Billy Smith, with the Fu Manalmost

Earlier in the month of Movember, Backhand Shelf began to re-purpose Scott Lewis‘ collection of Hockey’s Best Mustaches, for obvious reasons. These men deserve some recognition for their excellent cookie dusters. Here’s Part One of the list, with Part Two below. There’s still another one to come!

Jacques Martin

Owns a burlesque hall.

Glenn “Chico” Resch

Attends burlesque shows.

Nigel Dawes

Is confused by the word “burlesque.”

Gaston Gingras

Dates a burlesque dancer.

Jay Miller

Describes his mustache as “burly,” or “burly-esque.”

Jeff Odgers

Okay, enough burlesque jokes.

Odgers uses his mustache the way ants use their pinchers though, for real. Doesn’t need his hands to eat.

Gilbert Perreault

His gloves like his mustache so much, they’re trying to climb his arms to get closer to it.

Rick Kehoe

Oh man, if I had that ‘stache I’d twist the shit out of it.

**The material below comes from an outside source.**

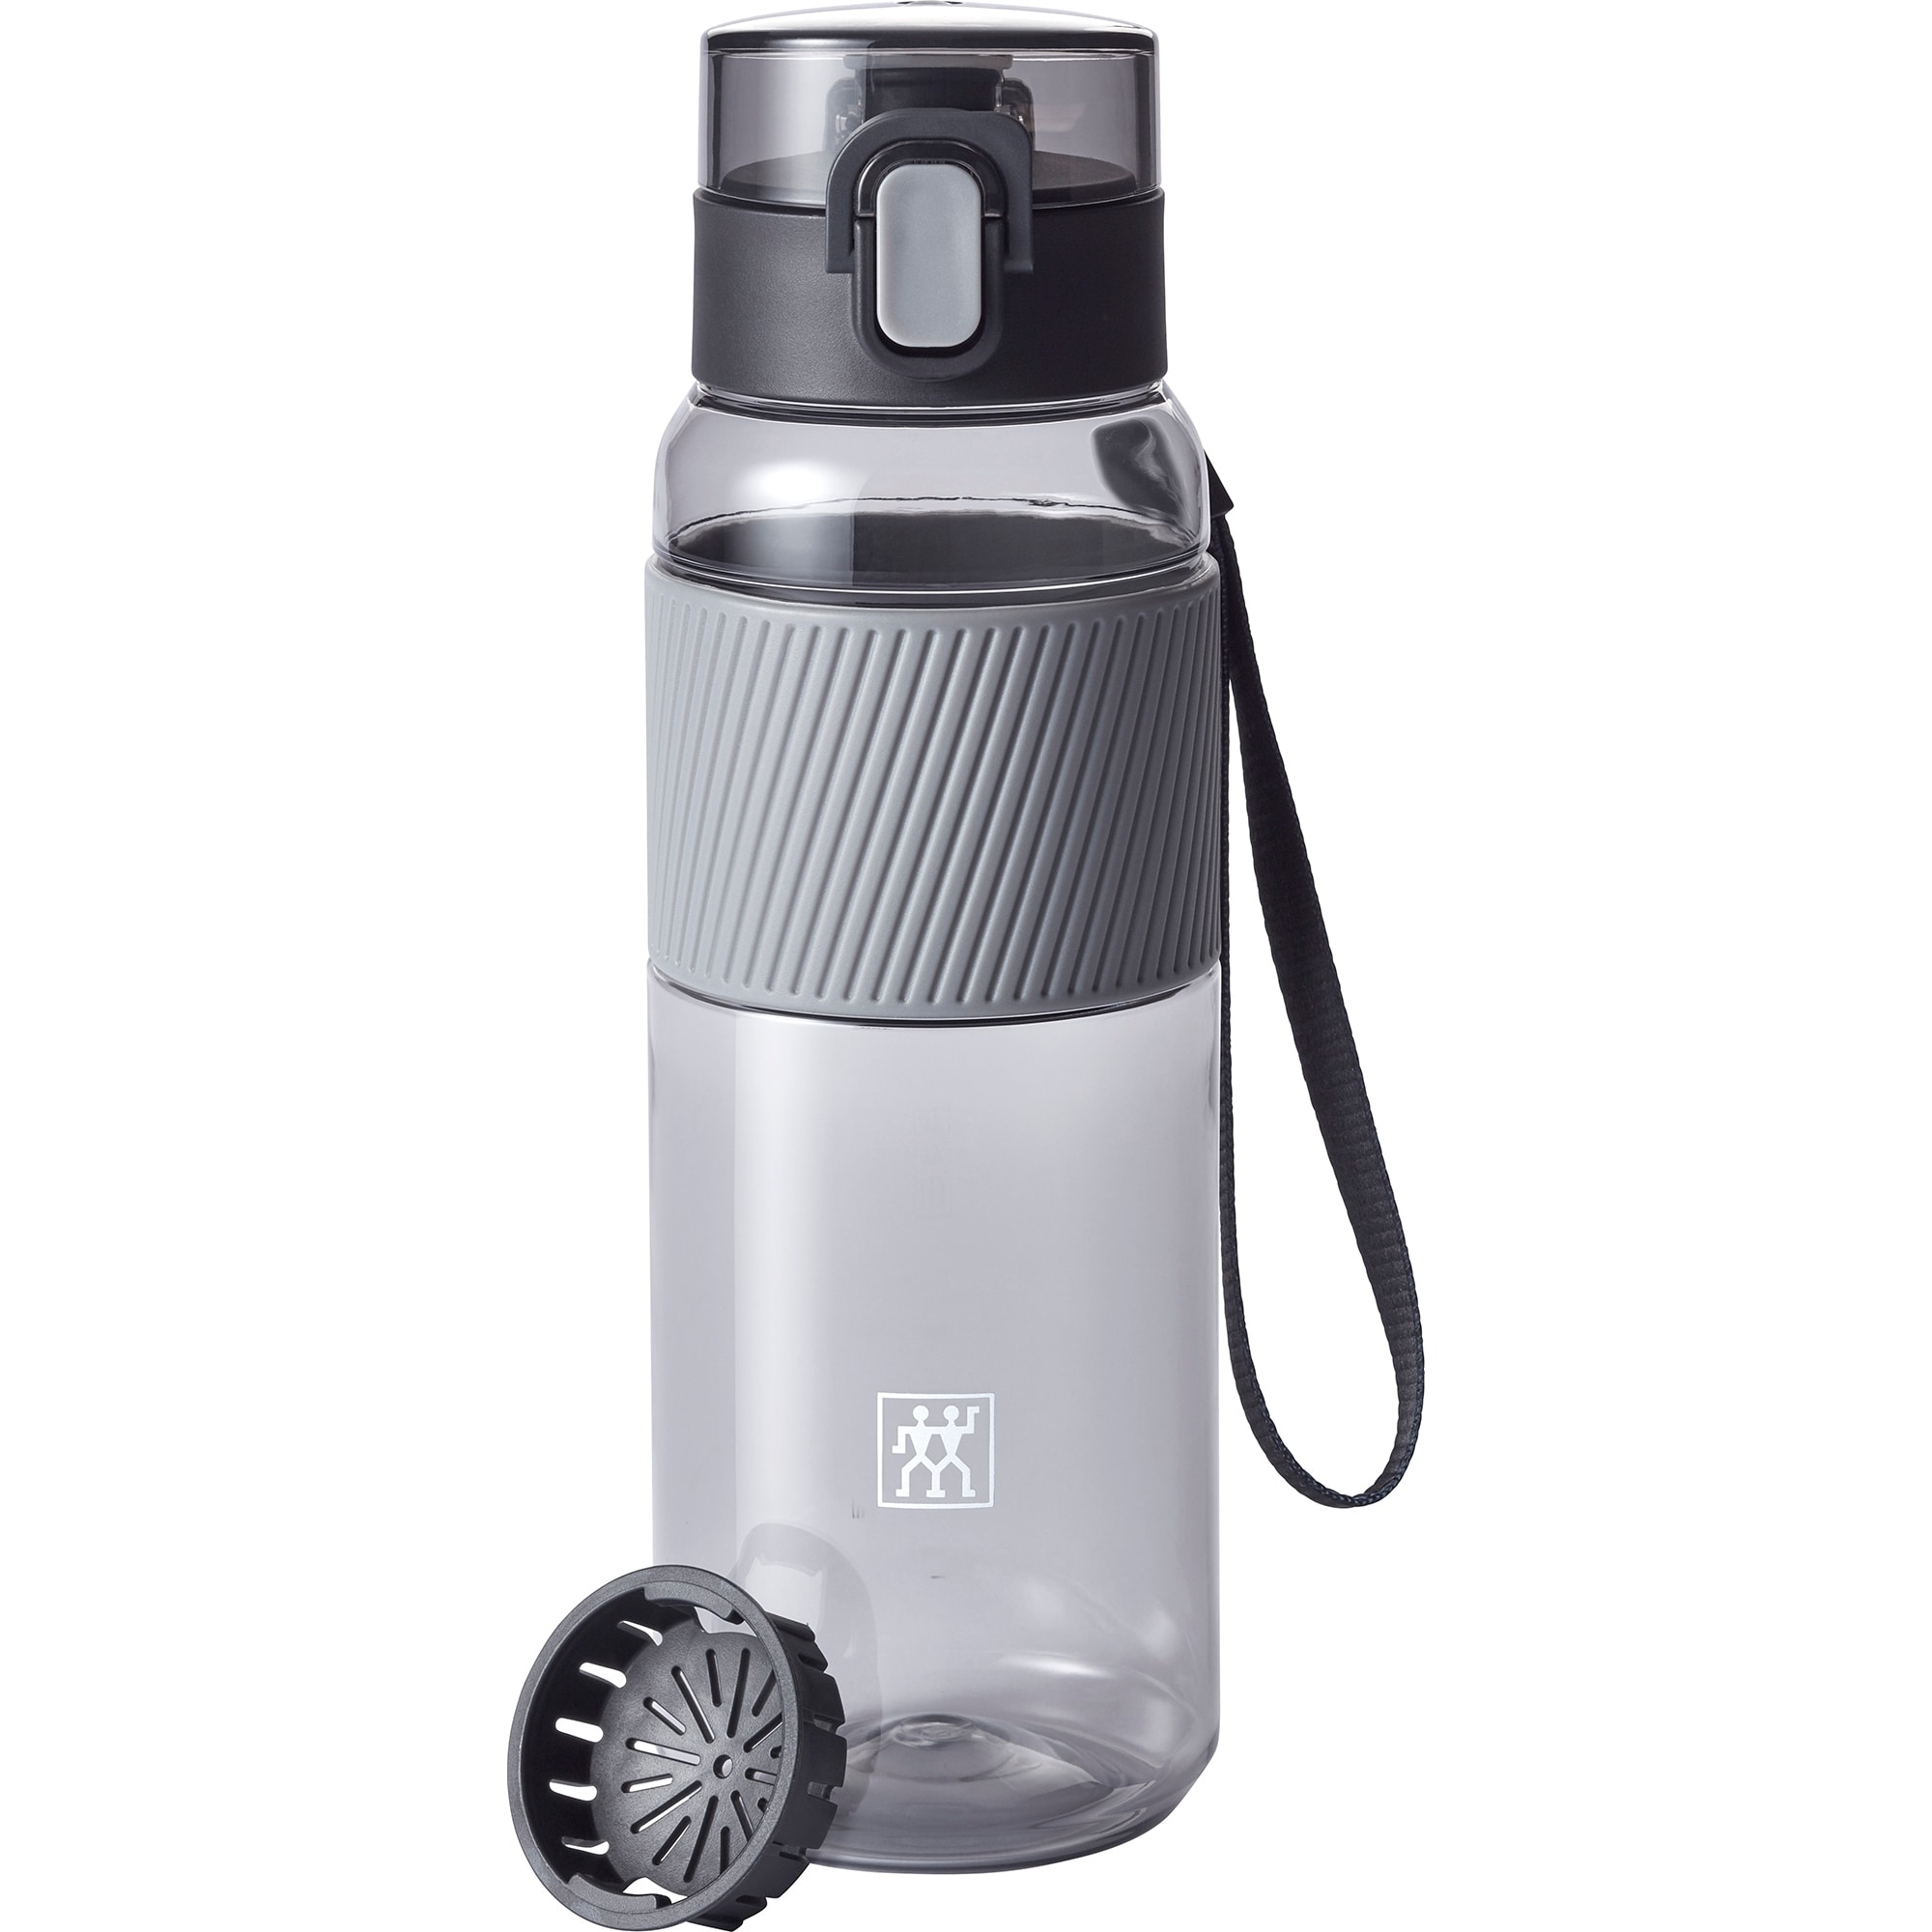 https://ak1.ostkcdn.com/images/products/is/images/direct/79db8bdb3c457534a63b611335548e78668aec48/ZWILLING-Tritan-24-ounce-Water-Bottle.jpg

Dave “The Hammer” Schultz and Orest Kindrachuk

I’ll opt not to comment on those moosty’s, and instead inquire as to why someone has (accurately) thrown Kindrachuk a life preserver.

Rob Ramage

Man, this picture should be a meme. Or a personal ad. Hey girl.

Rogie Vachon

The laugh at the end of the below clip? Vachon is mid-doing that.

John Wensink

Now THAT’S how you do a mustache, folks. Doubles as a strainer. So pro.